Northrop’s reading portrays a failure of the Bolshevik indigenization and sovietization politics in Uzbekistan in 1920s. It gives us a quite clear idea that onе of the most crucial reasons of this failure was the inconsistency of the Soviet government in regard to the Uzbek national determination. This national determination was mostly defined through Uzbekistan’s distinctive patterns of gender relations and customs of female seclusion. The Uzbek women, their clothes and customs, “embodied” Uzbek national identity, but at the same time Bolsheviks acknowledged these women as “dark” and backward. Hujum manifests this dual policy: the veil, which after 1917 was used for identifying Uzbek nation, in 1927 becomes the emblem of dirt, debauchery and primitivism and has to be taken from people who were supposed to be Soviet, modern, and equal. Would this Bolshevik policy have been more productive had they chosen another, more neutral and common, less “backward” thing to identify the Uzbek nation with? Would such a policy be effective, given the conditions that existed in Uzbekistan at that time?
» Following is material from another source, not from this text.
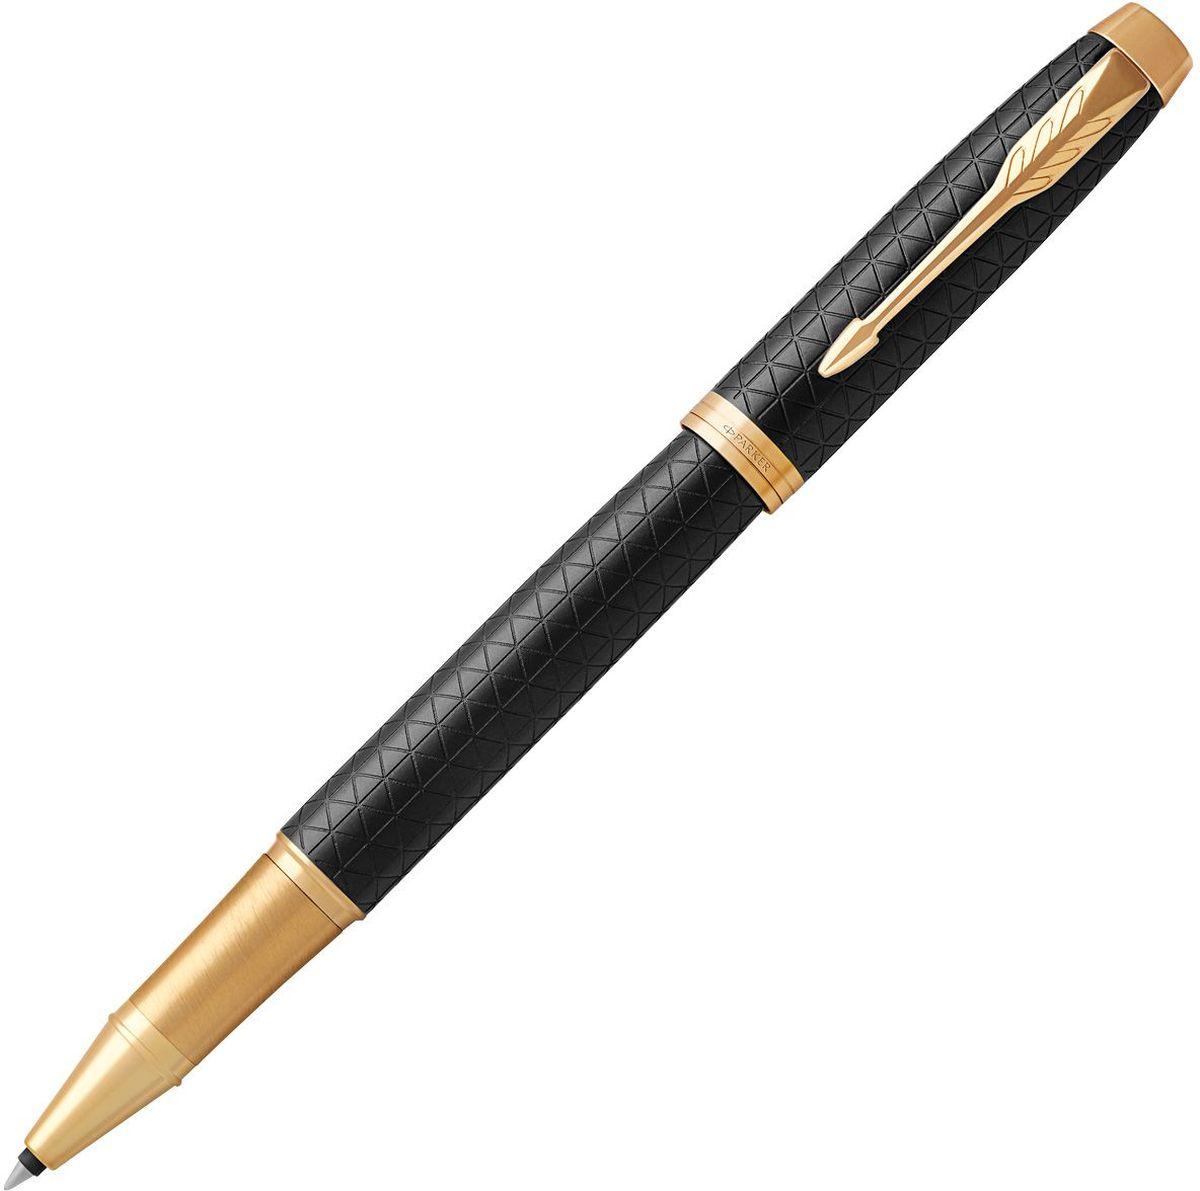 Parker Ручка-роллер IM Premium Black GT черная

In the first chapter, Northrop mentions that the wide appearance of paranji and chachvon was partly a response to the Russian colonial conquest in the middle of XIX century. In this way, removal of the veil seemed to be an act of colonial politics as well. Apparently, the Bolshevik’s claimed their unique colonial power to control and change the traditions and customs of the Uzbek people. For this reason, when Central Asian competing interests (such as jadids) advocated for unveiling, the Soviet government saw their advocacy as a threat. The implementation of non-Bolshevik reforms could lead to the loss of revolutionary initiative — initiative which was expected to originate from women who were portrayed by Soviet propaganda as oppressed and miserable subjects who were finally emancipated by the Bolsheviks. As Northrop suggests, this revolutionary rhetoric seems to be “more colonialist than emancipatory” [p.66].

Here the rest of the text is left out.